Im Grunde genommen kannst du das doch über die gängigen Dreieckssätze lösen.
Du hast die Position des Spielers (Mittelpunkt) = P1 und du hast die Position des Cursors = P2. Alle anderen Punkte und Größen kannst du daraus ableiten.
Dann kannst du mithilfe der Winkelsätze den Winkel berechnen und anhand des Winkels das Bild ausrichten. Per AffineTransform z.B. (Achtung: Bogenmaß)

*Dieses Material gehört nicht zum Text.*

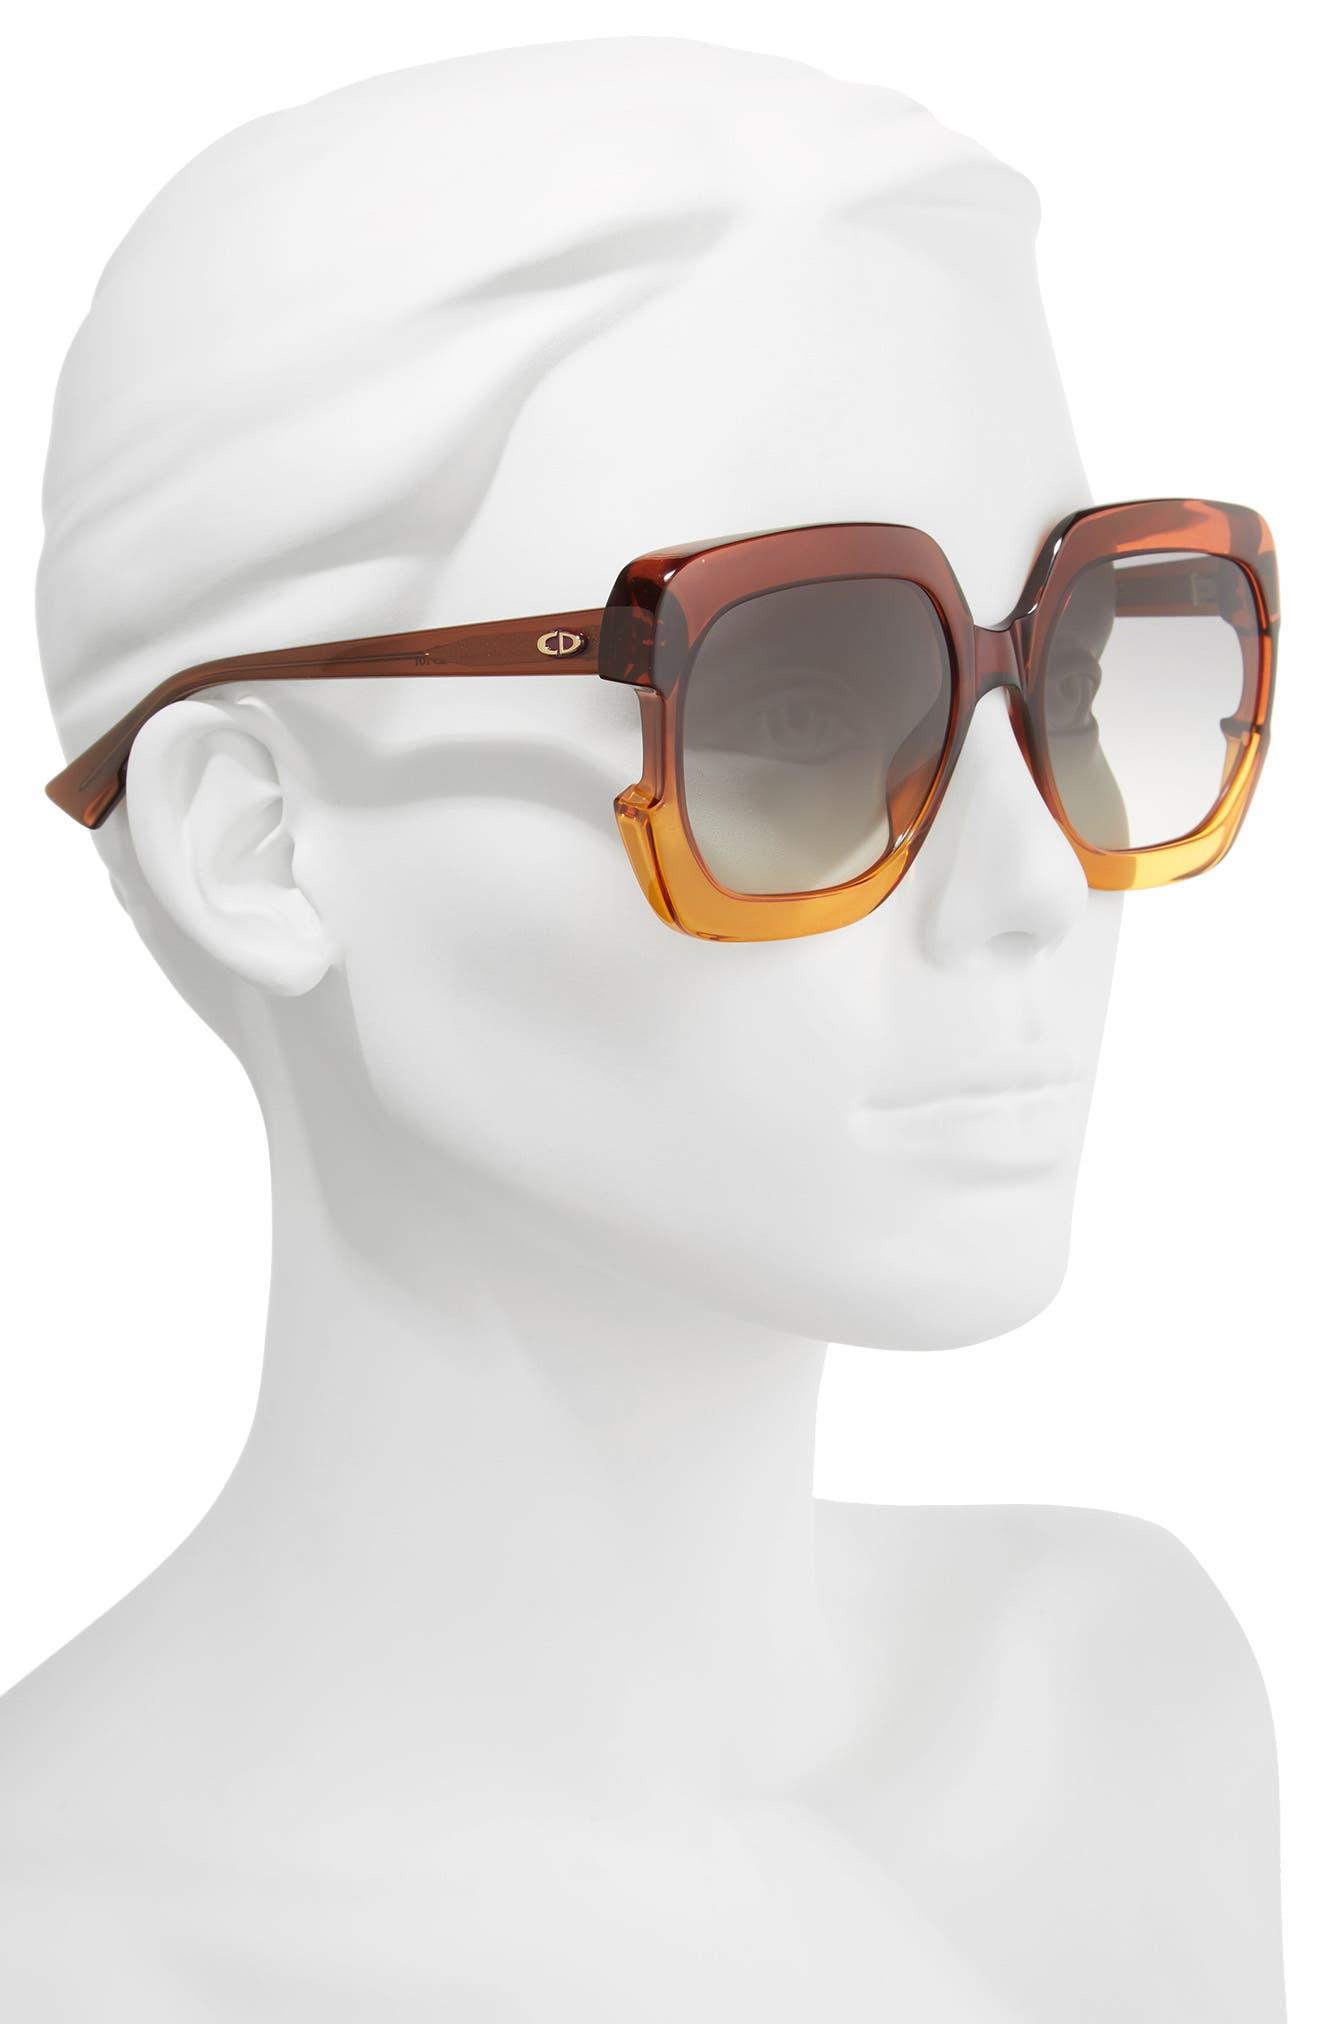 Gaia 58mm Square Sunglasses,                             Alternate thumbnail 2, color,                             Brown/ Orange

Foundation Flash: - Rotation in AS3

Gruß
Steev


----------



## florian1995 (18. Aug 2010)

ok danke für die antwort 
nur das problem ist das ich erst 15 bin und dadurch noch nicht so viel höhere mathematik behersche.
ich kenne zwar die winkelsätze hab sie aber noch nie in einem game angewendet ;(

ich weiß wie affinetransform funktioniert nur weiß ich nicht wie ich die grad-zahl bekomme


----------



## florian1995 (18. Aug 2010)

edit:
jetzt verstehe ich was du meinst 
ich sehe mal ob es funktioniert


----------



## Steev (18. Aug 2010)

Müsste in etwa so funktionieren: (nicht getestet)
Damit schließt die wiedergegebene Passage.